On cue, the UN Secretary General’s Office issued the following statement on the recent attack in Kabul:

“The Secretary General condemns the attack today in Kabul on a Sikh-Hindu temple in which dozens of civilians were killed and injured. He expresses his deepest sympathies to the families of the victims and wishes a speedy recovery to those injured.

“The Secretary General reiterates that attacks against civilians are unacceptable and those who carry out such crimes must be held accountable.

“The United Nations stands in solidarity with the people and the government of Afghanistan and will continue supporting efforts to bring peace to their country.”

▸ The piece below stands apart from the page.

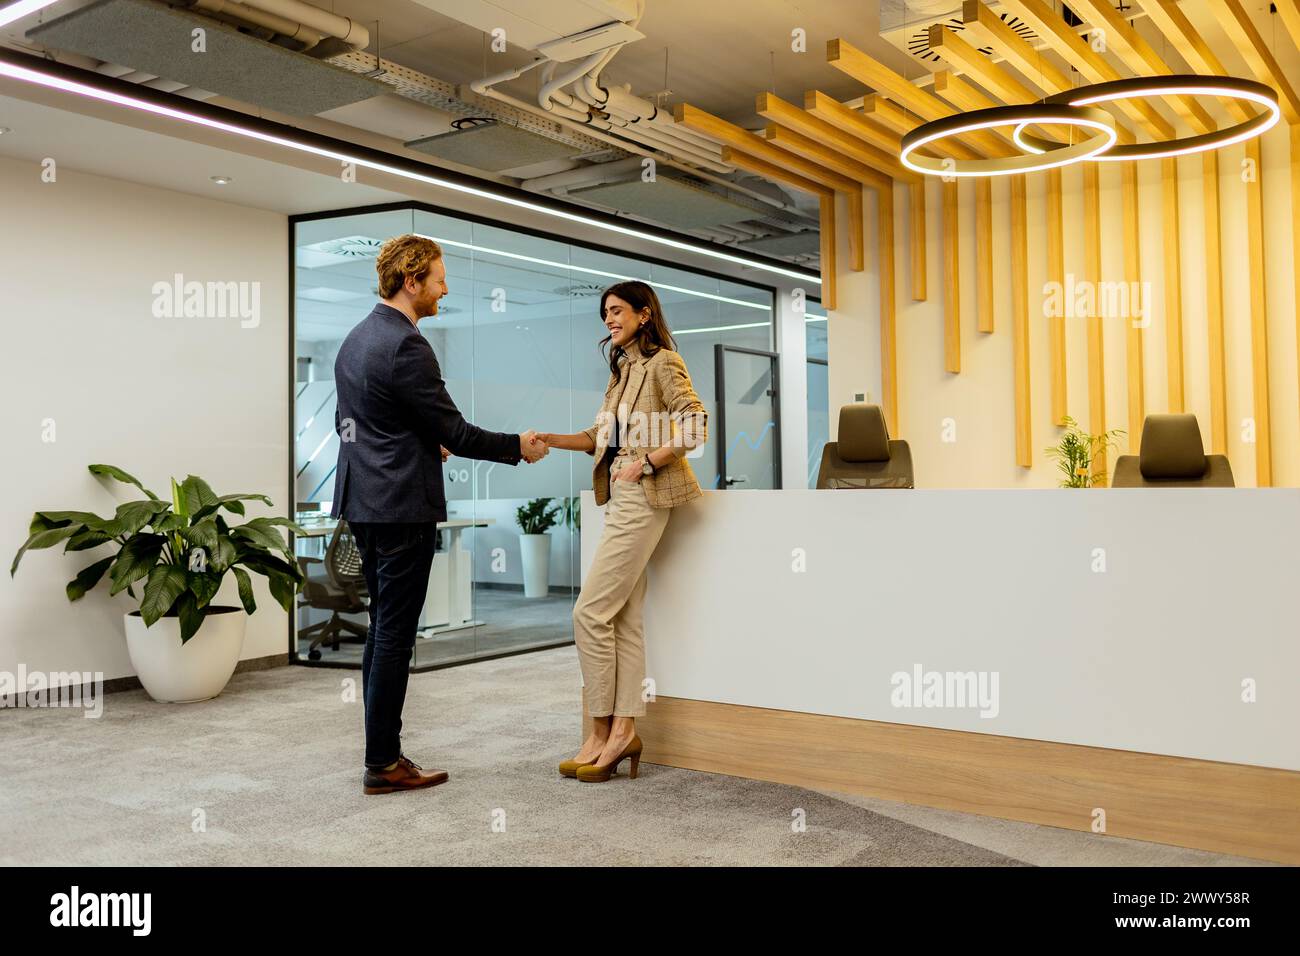 Deux professionnels échangeant des salutations avec une poignée de main amicale dans un environnement de bureau élégant Banque D'Images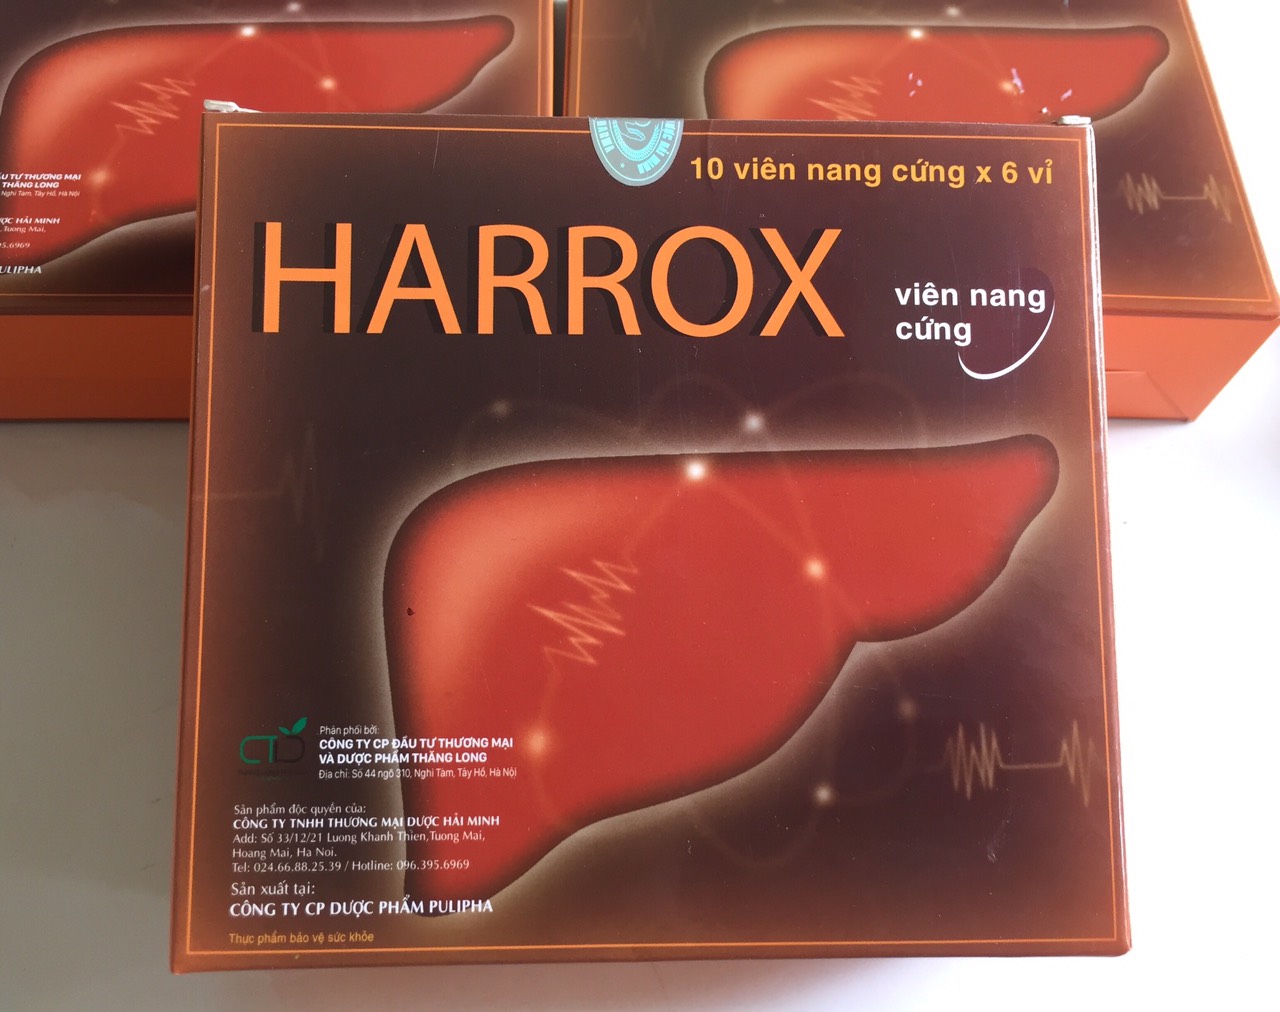 HARROX hộp 60 viên giúp tăng cường chức năng gan giải độc gan hiệu quả

The office of the Special Rapporteur on Freedom of Religion or Belief within the UN Human Rights Council, for example, is apparently charged with promoting, among other things, “the adoption of measures at the national, regional and international levels to ensure the promotion and protection of the right to freedom of religion or belief.” However, any close scrutiny of its efforts in this regard reveal a shocking neglect particularly with respect to the plight of Sikhs in Afghanistan or Pakistan.

Indeed, the unambiguous, vivid, and steady stream of independent media and other reports of the destruction of gurdwaras, or attacks on Sikhs in Afghanistan and Pakistan seem to disappear – curiously and, arguably, conveniently – into the proverbial pile of insignificance.

It seems reasonable to pose the rather obvious question: Under what circumstances exactly might the United Nations, for instance, find it suitable to make its presence and influence felt in such matters, if not in a devastating and oppressive scenario marked by persistent and unyielding persecution of Sikhs in Afghanistan or Pakistan?

Amid the years of indifference to the plight of the Sikhs in Afghanistan, it now is increasingly evident, if it wasn’t already before the latest attack, that to continue living in the country is no longer tenable. This latest attack on Afghan Sikhs has underscored their systematic displacement through a wider, long-standing institutional and societal context marked by hostility toward them.

When it comes to tackling the mistreatment of Sikhs in Afghanistan, it is clear the UN and the wider international community have failed spectacularly.